If such expectations were borne out, around 75 per cent of millennial households would eventually own a home. That would put the generation on a par with the home ownership rates recorded among baby boomers. It would also be roughly 10 percentage points higher than the ‘optimistic’ scenario we set out in September (our ‘pessimistic’ scenario put the figure under 50 per cent). Short of a significant turnaround in housing trends, the implication is that many members of the younger generation will find their aspirations go unmet.

And, while the one-in-four (24 per cent) non-owning millennials who think they’ll never buy a home might have a more realistic outlook of the future, they’re just as likely to be unhappy with their lot. The next chart sets out the factors which this group identify as being among the three most important reasons for not owning. What stands out is that just one-in-ten of them cite positive-sounding reasons: 10 per cent say they like their current home and just 8 per cent prefer the flexibility of renting. The upshot is that as few as 1 per cent of millennials appear to be happy with the idea of never owning a home.

It’s this finding that goes a long way to explaining why politicians are so keen to be seen to be offering hope on home ownership.

And, with ‘purchase costs’ (such as the deposit, stamp duty and estate agents fees) being cited by millennials as the main barrier to owning, it’s easy to understand the temptation to focus on subsidising buyers. Measures such as the removal of stamp duty for first time buyers of property worth up to £300,000 – which Philip Hammond announced in the Autumn Budget – give the impression of extending home ownership to a wider group. But they largely miss the mark. The OBR’s assessment of the stamp duty policy was that it would benefit just 3,500 first time buyers who would not otherwise have been able to buy a home, costing roughly £160,000 per additional owner.

Supply-based approaches represent a preferable and more sustainable option, but they take time to take effect. That’s not to say government should give up, and the Autumn Budget plans for returning housing capital spending back to the levels of the 2000s (outside of the fiscal stimulus peak of 2008-10) is a very welcome one.

But it’s hard to escape the conclusion that, even if we get to grips with the longer-term problem, home ownership will remain off-limits for significant numbers of millennials. Some might expect to benefit from the bank of mum and dad in the near-term and from inheritances as they age. But such support may come too late to cover expensive family-rearing years for many households, and will never arrive for many – mainly lower income – others.

That reality raises a number of challenges for today’s young people. Over the longer-term, home ownership plays an important role in building wealth (via semi-enforced saving), providing leverage and hedging against costs and location in retirement.
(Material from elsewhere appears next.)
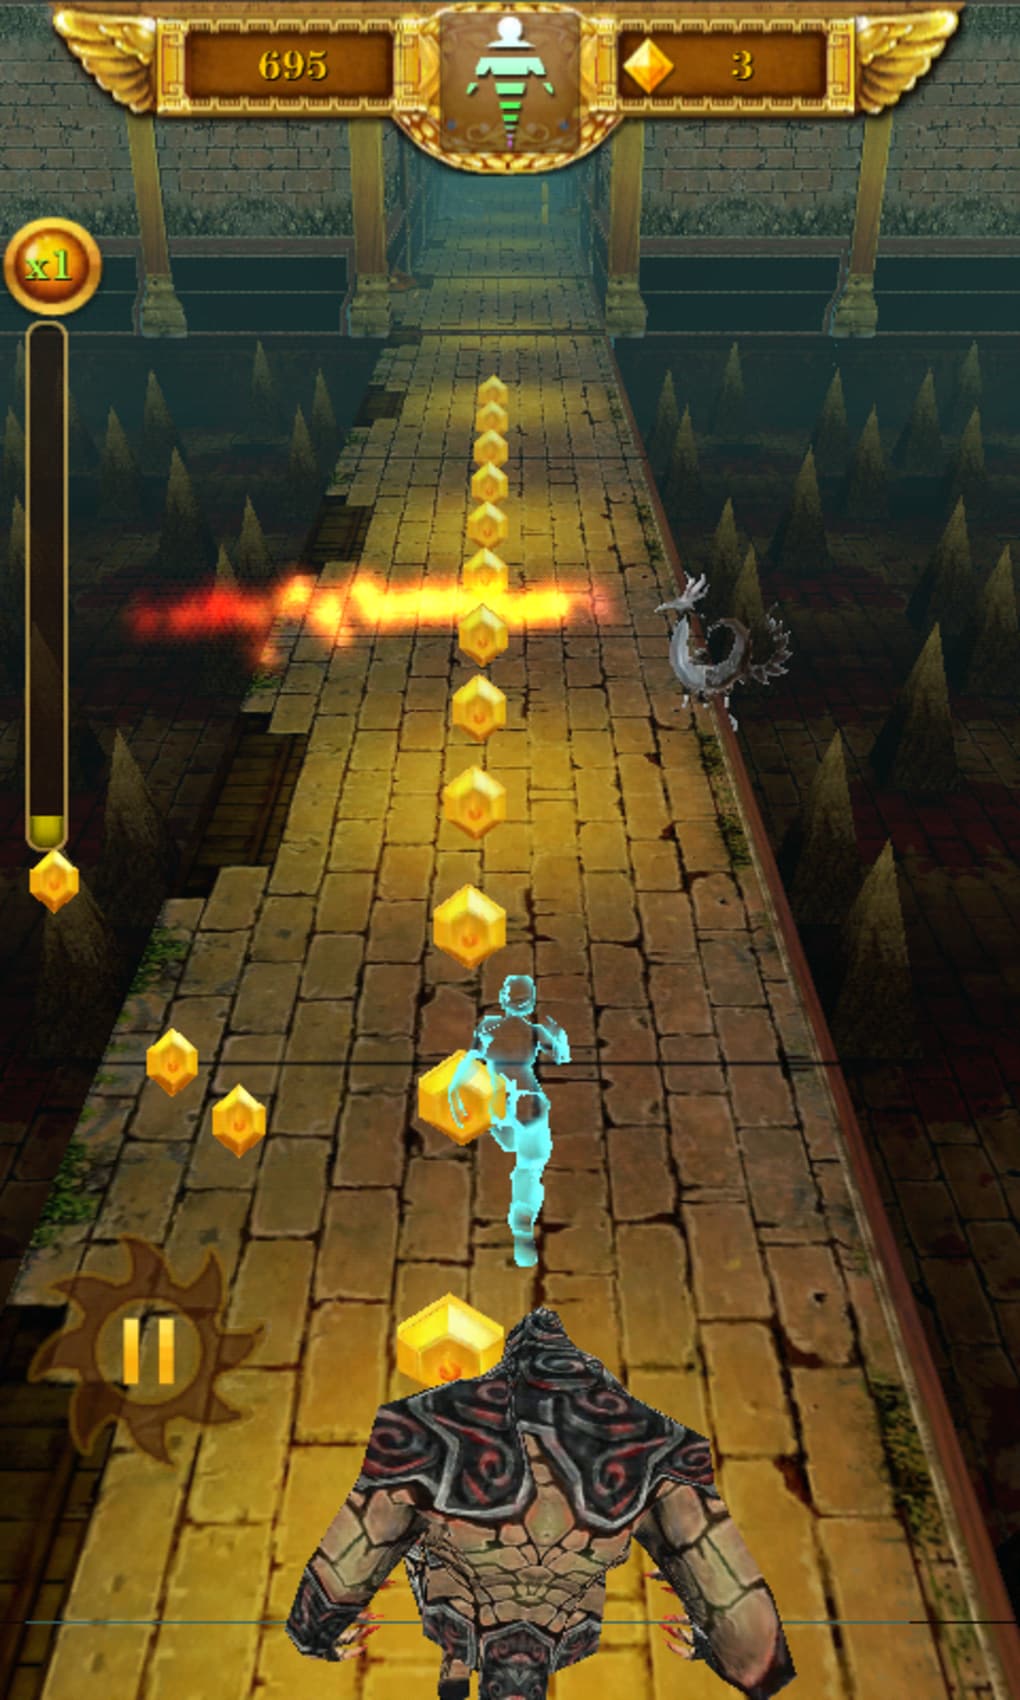 Tomb Runner - Temple Raider: 3 2 1 Run for Life for Android - Download
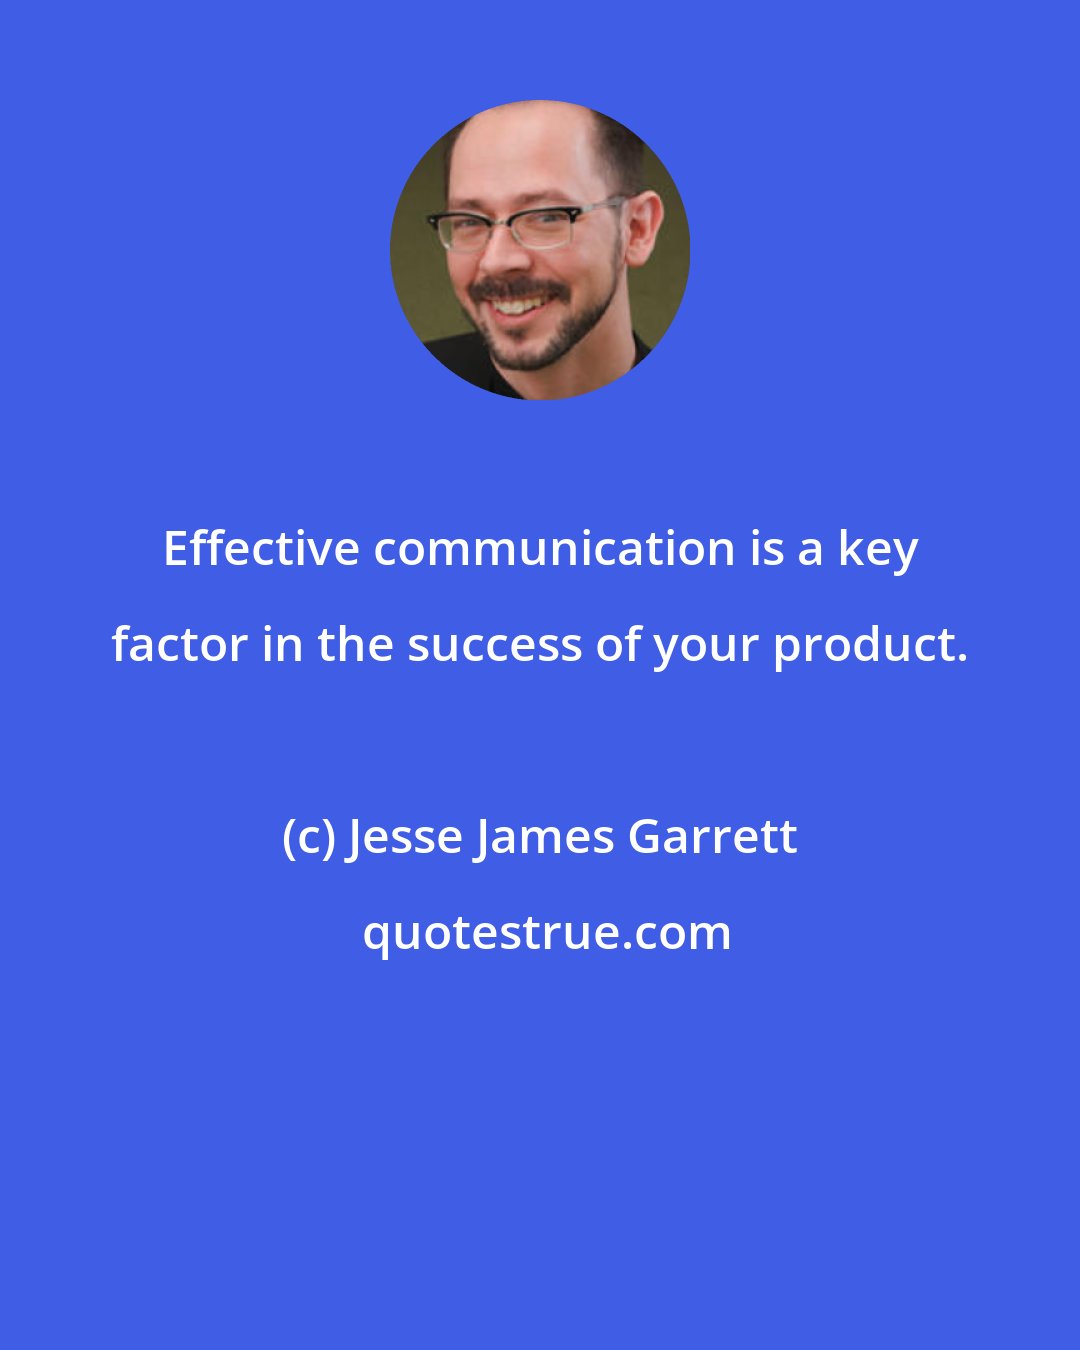 Jesse James Garrett: Effective communication is a key factor in the success of your product.

In its absence, alternatives are needed.

More immediately, the generally higher housing costs associated with renting leave young people with less disposable income and less opportunity to save than earlier cohorts faced. The chart below sets out the share of income allocated to rent among younger respondents to the NMG survey. It shows that 30 per cent of renters in this group spend more than one-third of their pre-tax income – a threshold that is often taken as a sign of housing unaffordability. And that figure jumps to a massive 71 per cent among the poorest fifth of millennials.

We’ll turn to the question of how the country might rise to these challenges in a forthcoming policy options paper for the Intergenerational Commission. But our politicians – unlike our estate agents – need to be more honest about the housing aspiration gap. It’s good to offer hope, but a healthy dose of realism would sharpen the focus on the broader living standards challenge posed by our housing crisis.